Task material >>
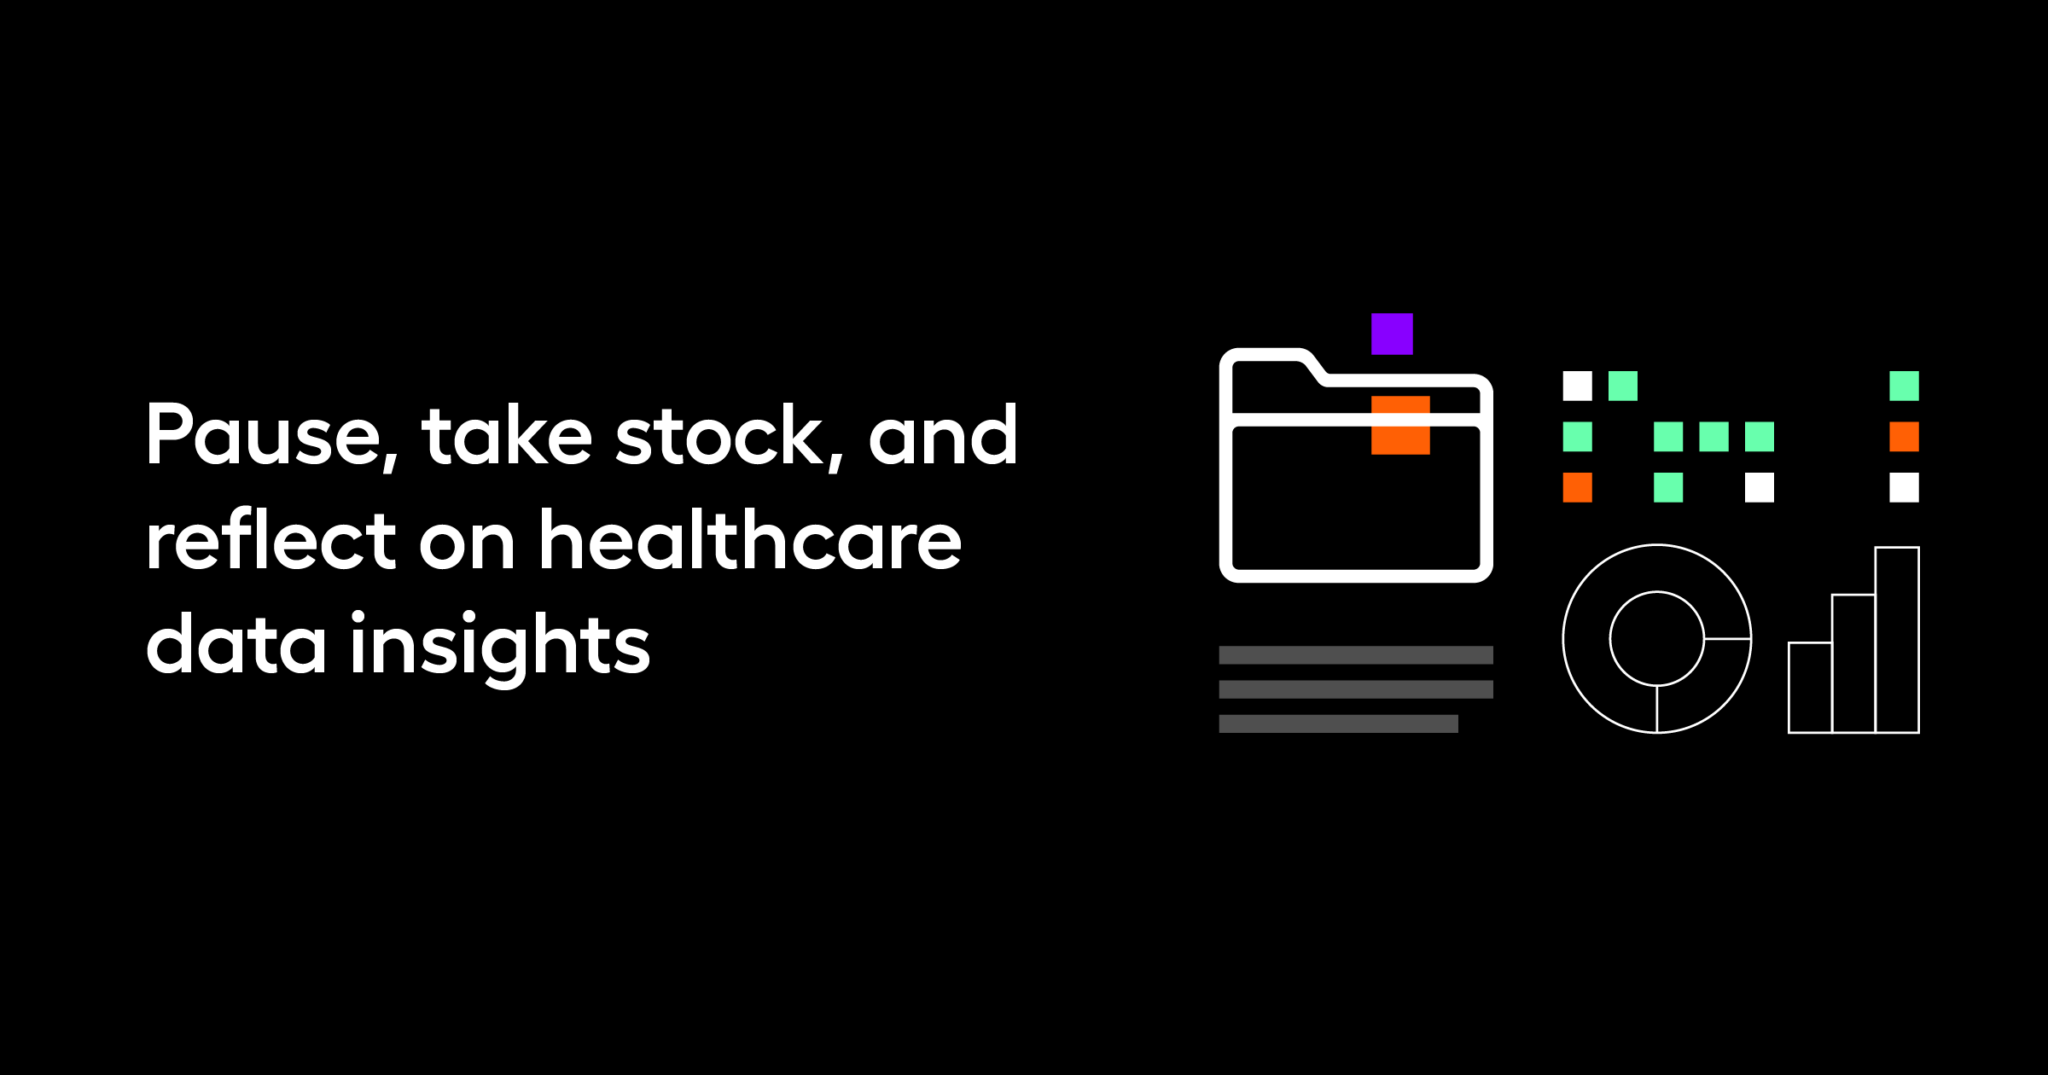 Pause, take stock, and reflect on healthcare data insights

==

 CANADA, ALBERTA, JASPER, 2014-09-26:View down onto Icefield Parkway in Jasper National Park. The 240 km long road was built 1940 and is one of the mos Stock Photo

==

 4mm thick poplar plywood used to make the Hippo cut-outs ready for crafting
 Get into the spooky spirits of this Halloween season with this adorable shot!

Problem to work on >> Only the lines above from the line with "4mm thick poplar" to the line with "Get into the", those two lines included, should be reproduced exactly.

Answer box >>
 4mm thick poplar plywood used to make the Hippo cut-outs ready for crafting
 Get into the spooky spirits of this Halloween season with this adorable shot!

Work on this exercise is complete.